Coeliac disease (also called celiac disease, non-tropical sprue, c(o)eliac sprue, gluten enteropathy and gluten intolerance) is a digestive disorder. It is characterised by damage or flattening to all or part of the villi lining the small intestine, causing scar tissue that cannot absorb nutrients. This damage is caused by exposure to gluten and related proteins found in wheat, rye, malt, barley and oats. more...
Signs and symptoms
Damage to the villi reduces the ability of the intestines to absorb nutrients, and it is believed that the resulting nutritional deficiencies likely cause the wide spectrum of symptoms associated with the disorder. Coeliac disease may lead to digestive problems, such as indigestion, heartburn and irritable bowel syndrome, unexplained weight loss or other signs of nutritional deficiency due to malabsorption, and a wide range of other problems in different bodily systems, including the nervous system, the heart, and the teeth and bones.

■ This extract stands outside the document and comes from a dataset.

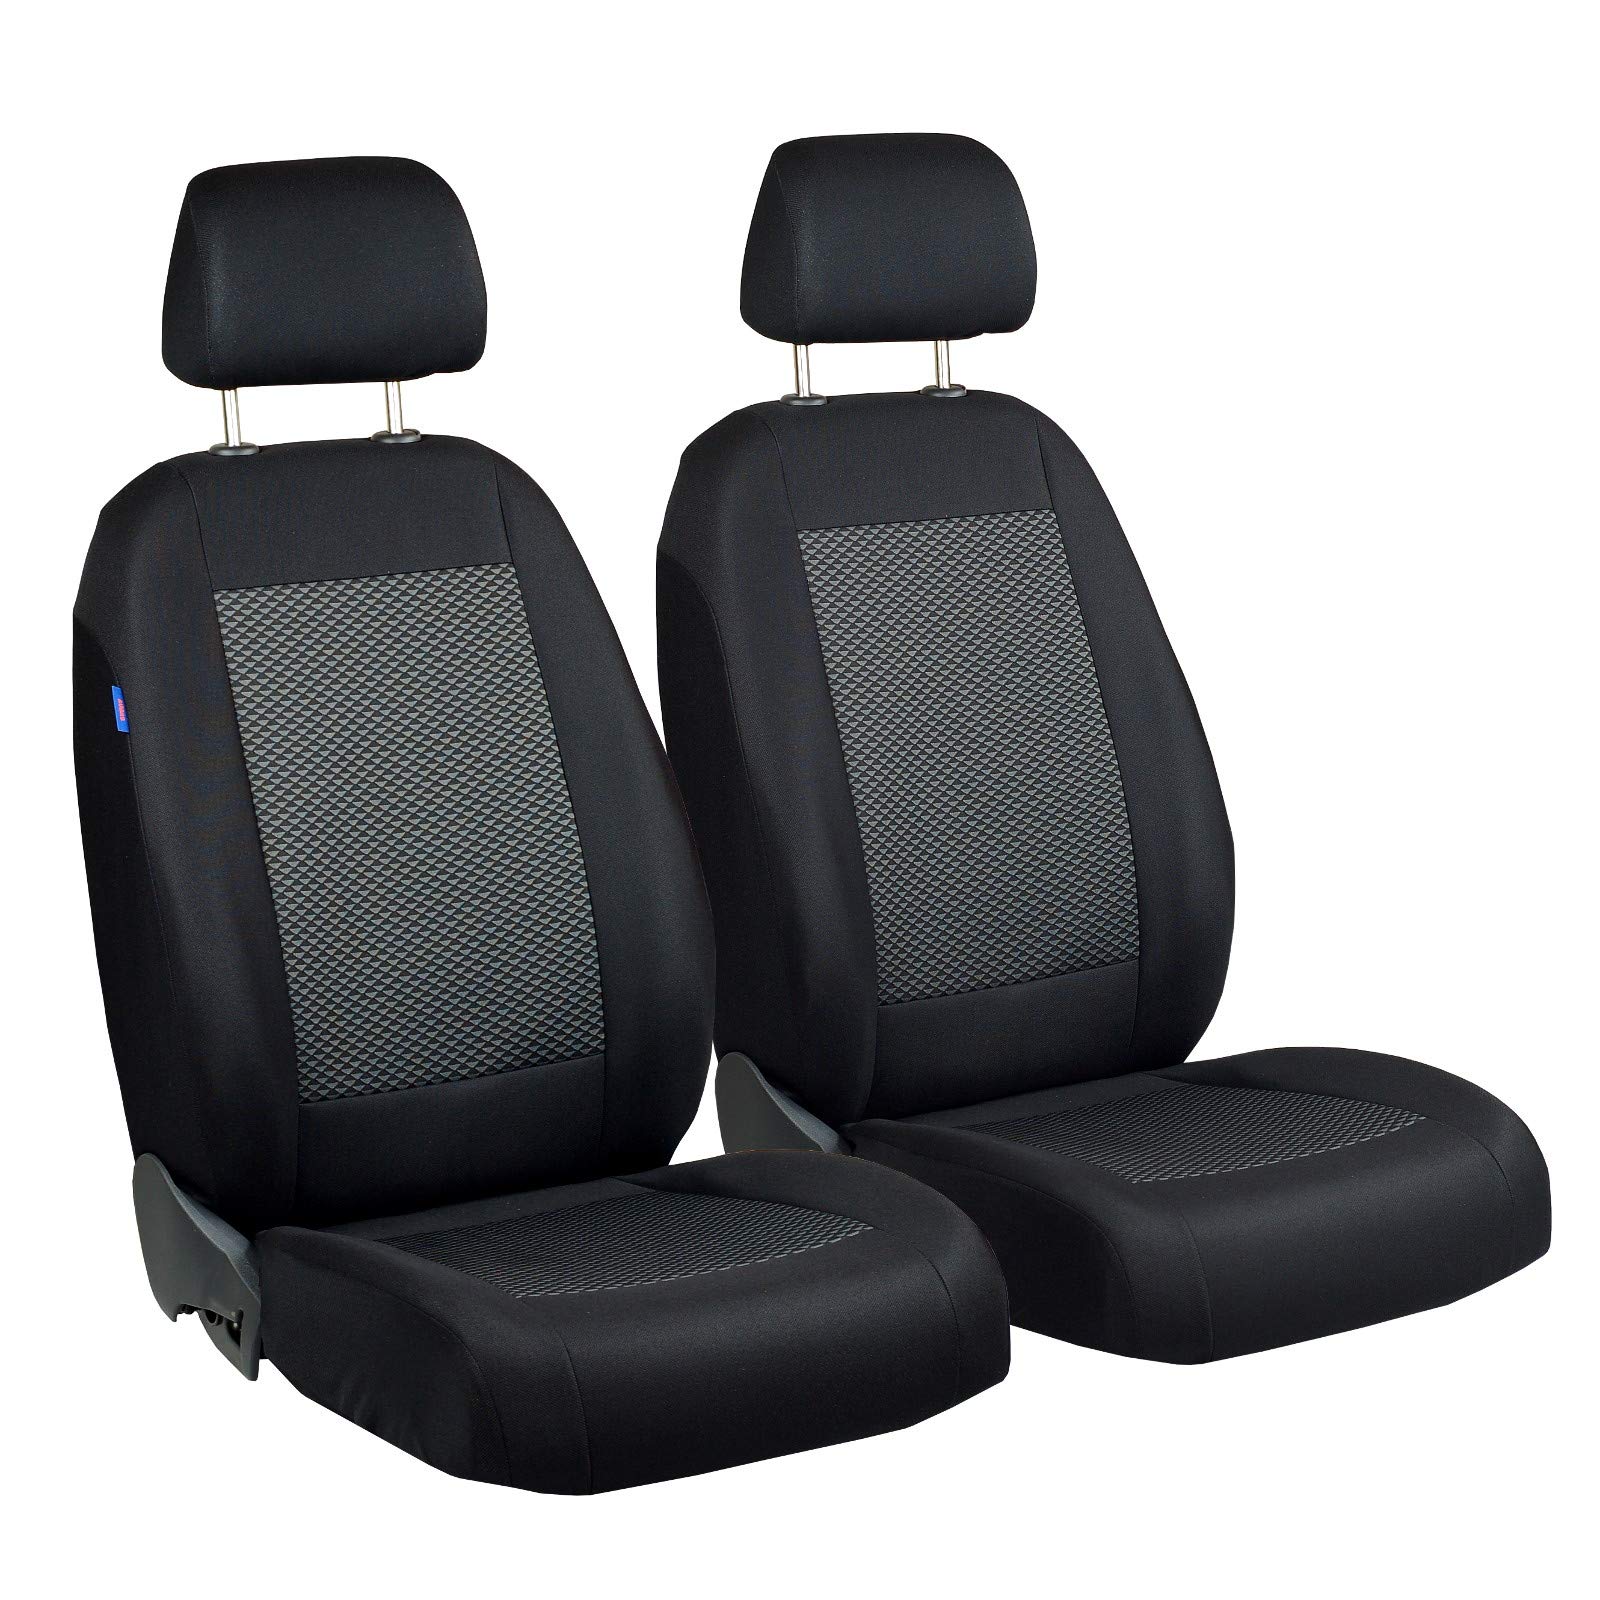 Zakschneider Passat Vorne Sitzbezüge - für Fahrer und Beifahrer - Farbe Premium Schwarz-graue Dreiecke von Zakschneider

Other symptoms can include dermatitis (an itchy rash), diarrhea, excessive tiredness or fatigue, aching in joints and a general feeling of being unwell.
Coeliacs (people with coeliac disease) may also be symptom-free, but they are still doing damage to their small intestines. Regardless of the presence or absence of symptoms, the disorder is associated with an increased risk of osteoporosis and MALT lymphoma, a form of intestinal cancer.
Strict adherence to a gluten-free diet typically resolves all symptoms and conditions caused by coeliac disease. In coeliacs who are not on a gluten-free diet, the disease may present through one or more of the following symptoms. The presence of these symptoms does not mean the individual is coeliac. These symptoms are also associated with other diseases, some of which are life-threatening; therefore, patients with these symptoms should promptly consult a doctor for differential diagnosis.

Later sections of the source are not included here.